Woven wire horse fence. Make sure the holes are no bigger thsn 2x4. This is all I use. I buy Redbrand at TSC.


----------



## kccjer (Jan 27, 2012)

You need woven wire. I don't buy the horse fence as it is almost double the price of field fence. Just make sure whatever you get is WOVEN. We also use combination rather than cattle panels for ours...only the babies crawl thru the holes so we cover the bottom 18 inches with chicken wire or the welded stuff you are talking about and it works great. If you get combination panels instead of cattle they will have smaller spaces at the bottom and gradually get bigger. I have one ND that has learned how to break the welded stuff and so she tests every fence she's put in but she won't go thru the holes in the panels.


----------



## kccjer (Jan 27, 2012)

Oh, the woven field fence will start with smaller spaces at the bottom and gradually get bigger as you get to the top of the fence. It comes in different heights, taller is more expensive so use your judgement as to how tall it needs to be


----------



## Electra552 (Aug 23, 2013)

Tsc no climb horse fencing works well for my herd and my friends large herd of large goats. Make sure its tight and supported well.

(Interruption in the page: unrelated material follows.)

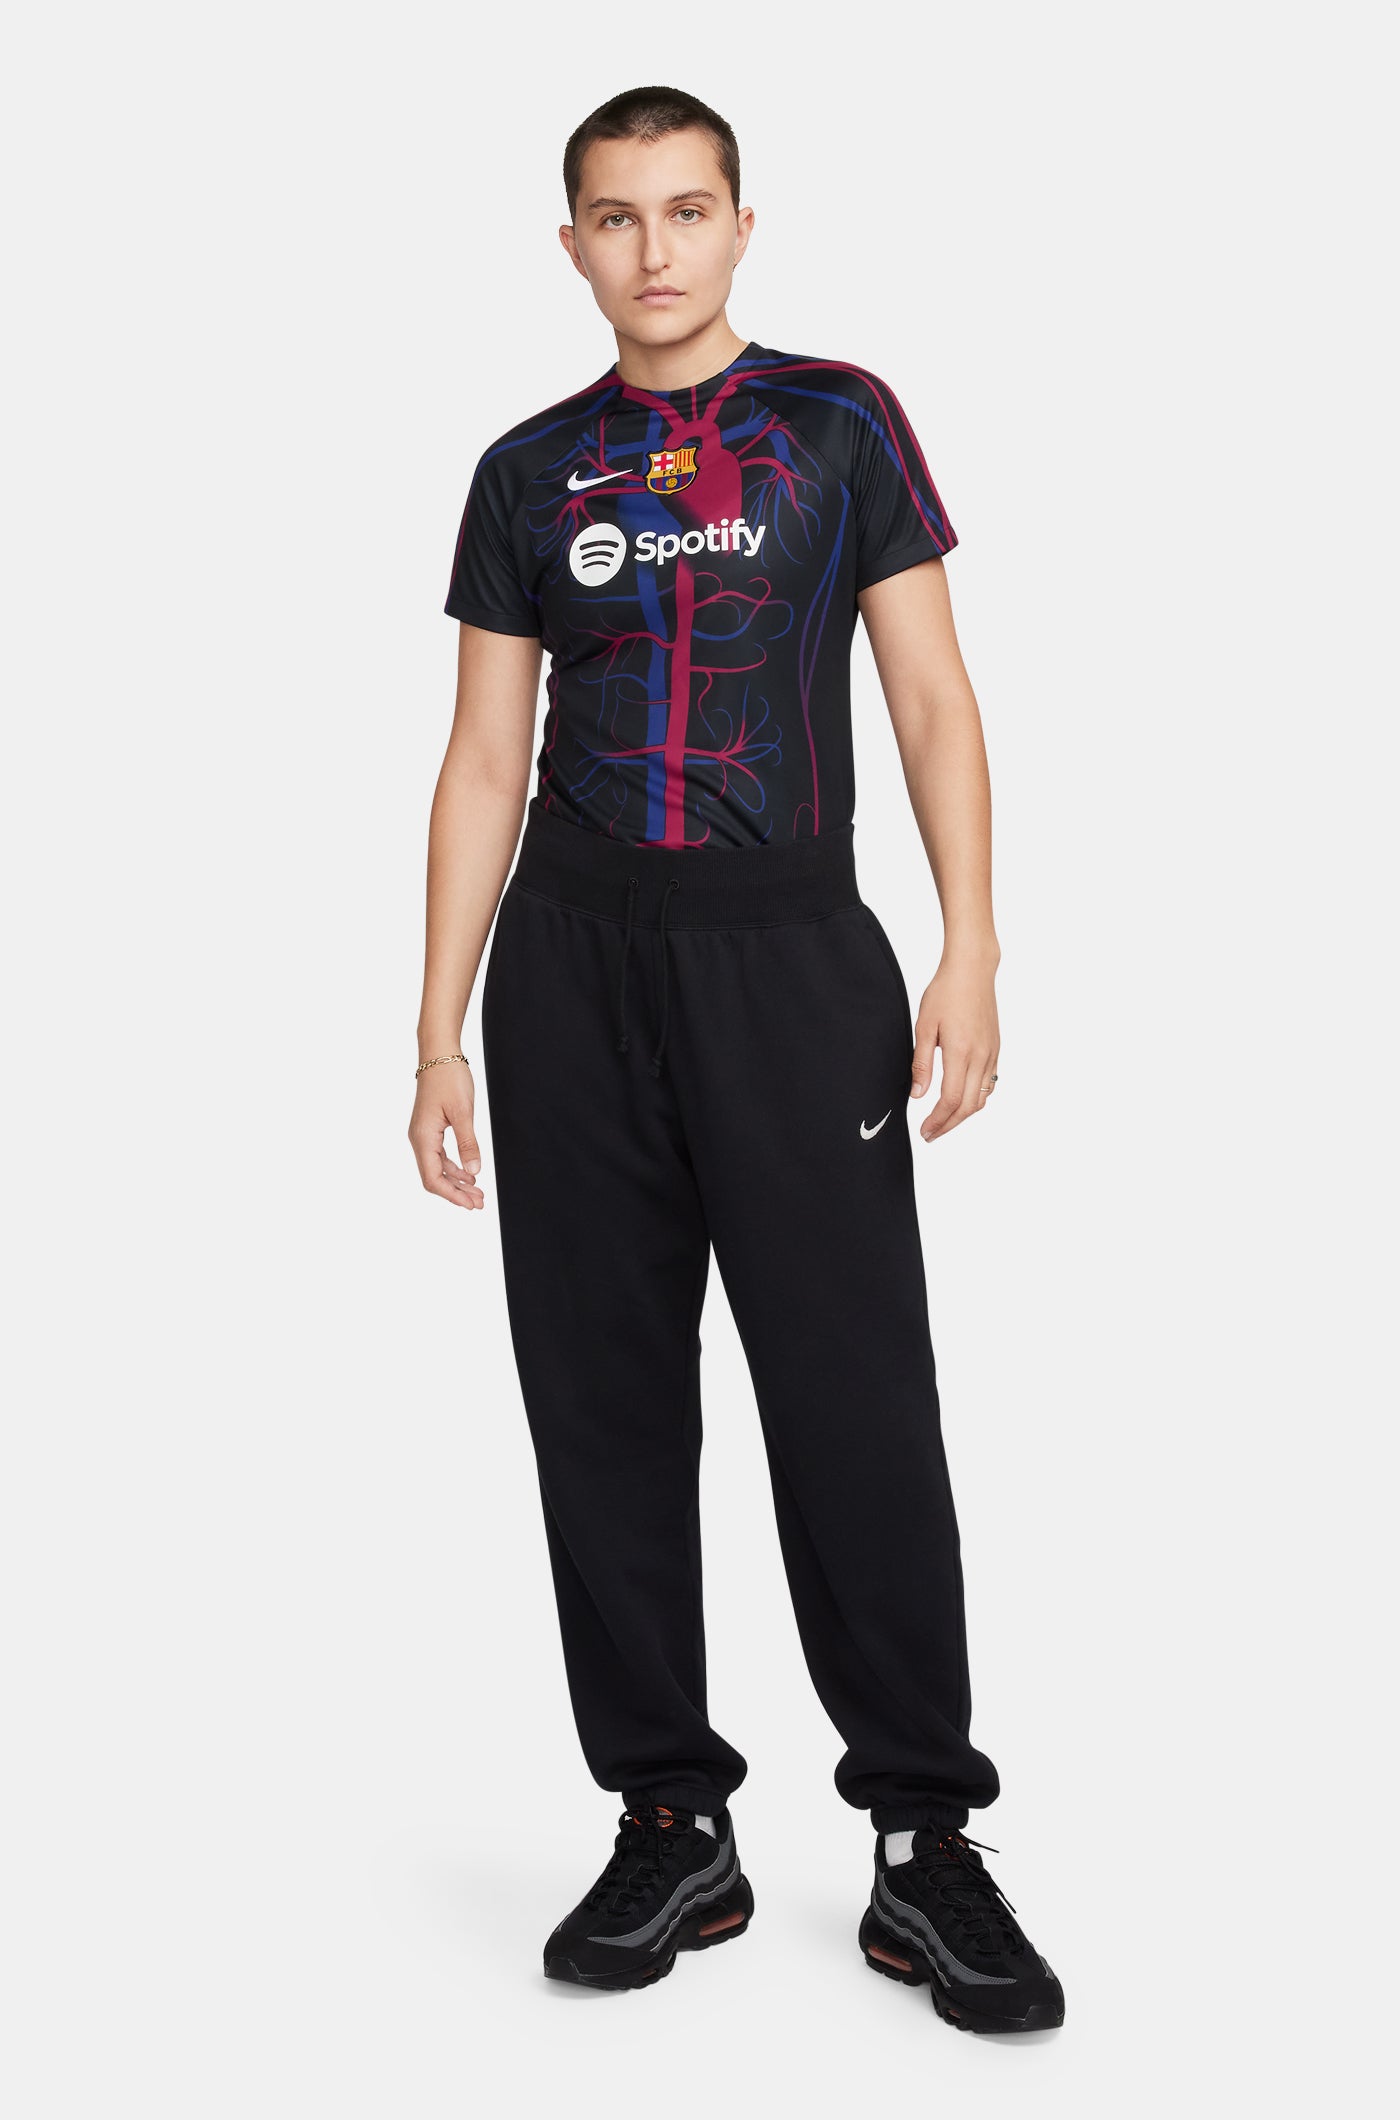 Barça Nike Tank Top – Women – Barça Official Store Spotify Camp Nou

It is a bit pricey but when you don't have to replace it every year....it pays for itself.


----------



## StaceyC (May 13, 2013)

I have Nigerian dwarfs and have no climb horse fence. I works well.


----------



## tjroberts (Jan 15, 2013)

Thanks everyone, I ended up with the redbrand no climb woven horse fence at TSC. I don't think my babies will be going anyway anymore. Price wasn't too bad either


----------